First, they worry about the possible reaction of other firms with which they do business. Small companies especially are considered hostile to “single payer.” They do not stand to gain in terms of costs because they do not provide HI to their employees, while they would have to bear part of the additional tax burden. So they would see radical reform as an attempt to shift costs from big to small business.
Second, they are afraid of “encouraging would-be expropriators.” One informant puts it this way: “If you can take away someone else's business -- the insurance companies' business -- then you can take away mine.” Henwood adds that “employers like workers to feel insecure. Fear of losing health coverage makes workers less willing to strike or to resist pay cuts or speedups.”

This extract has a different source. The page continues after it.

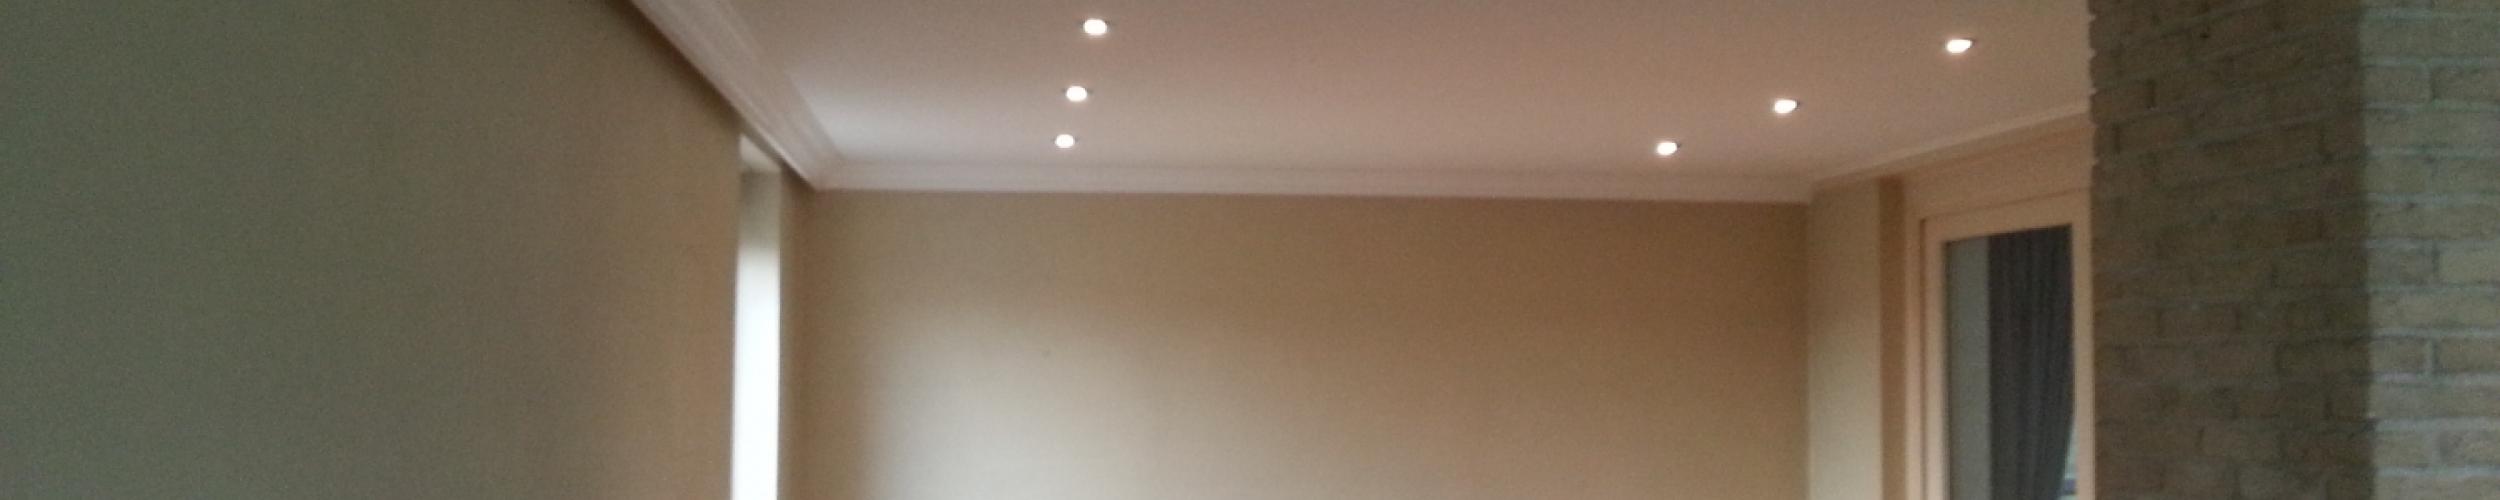 woonkamer spanplafond realisatie plafotex LED inbouwspots sierlijst
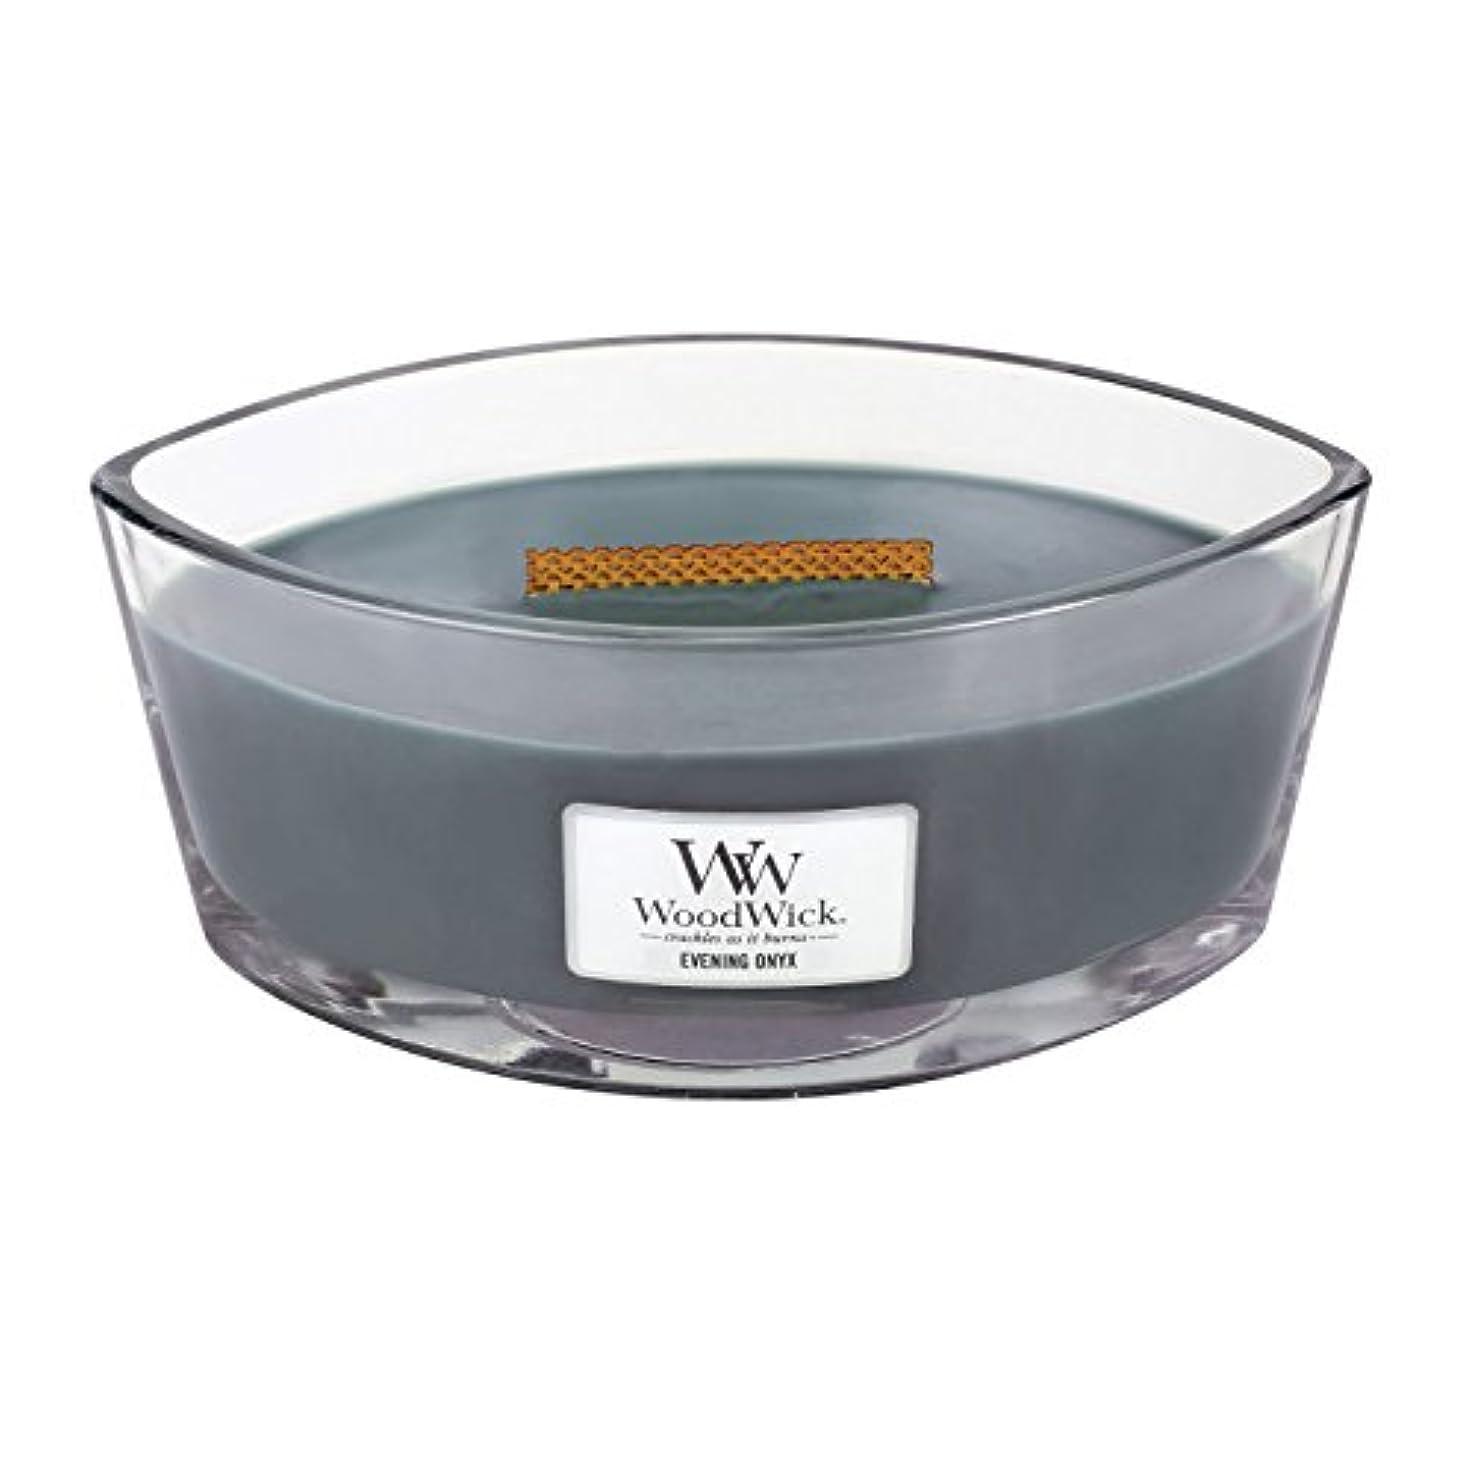 おもしろい控えるエトナ山WoodWick EVENING ONYX, Highly Scented Candle, Ellipse Glass Jar with Original HearthWick Flame, Large 18cm, 470ml

So capitalists believe that a national health service would entail economic costs as well as benefits, while they view the elimination of private health insurance as a long-term political threat to their class rule. Whatever others may think they should think, they themselves do not think that a national health service would be in their interests. Otherwise we would have had one long ago.
Notes
1. Sources disagree on the exact number of the rebel Democrats.
2. Participants in the American debate seem to assume that a national health service would completely displace private health insurance. This is not necessarily so. For example, the British health insurance company BUPA currently has over four million members. These are moderately affluent people willing and able to pay extra for higher quality service than is often available through the NHS. The really wealthy, of course, do not need insurance because they can always “pay as they go.”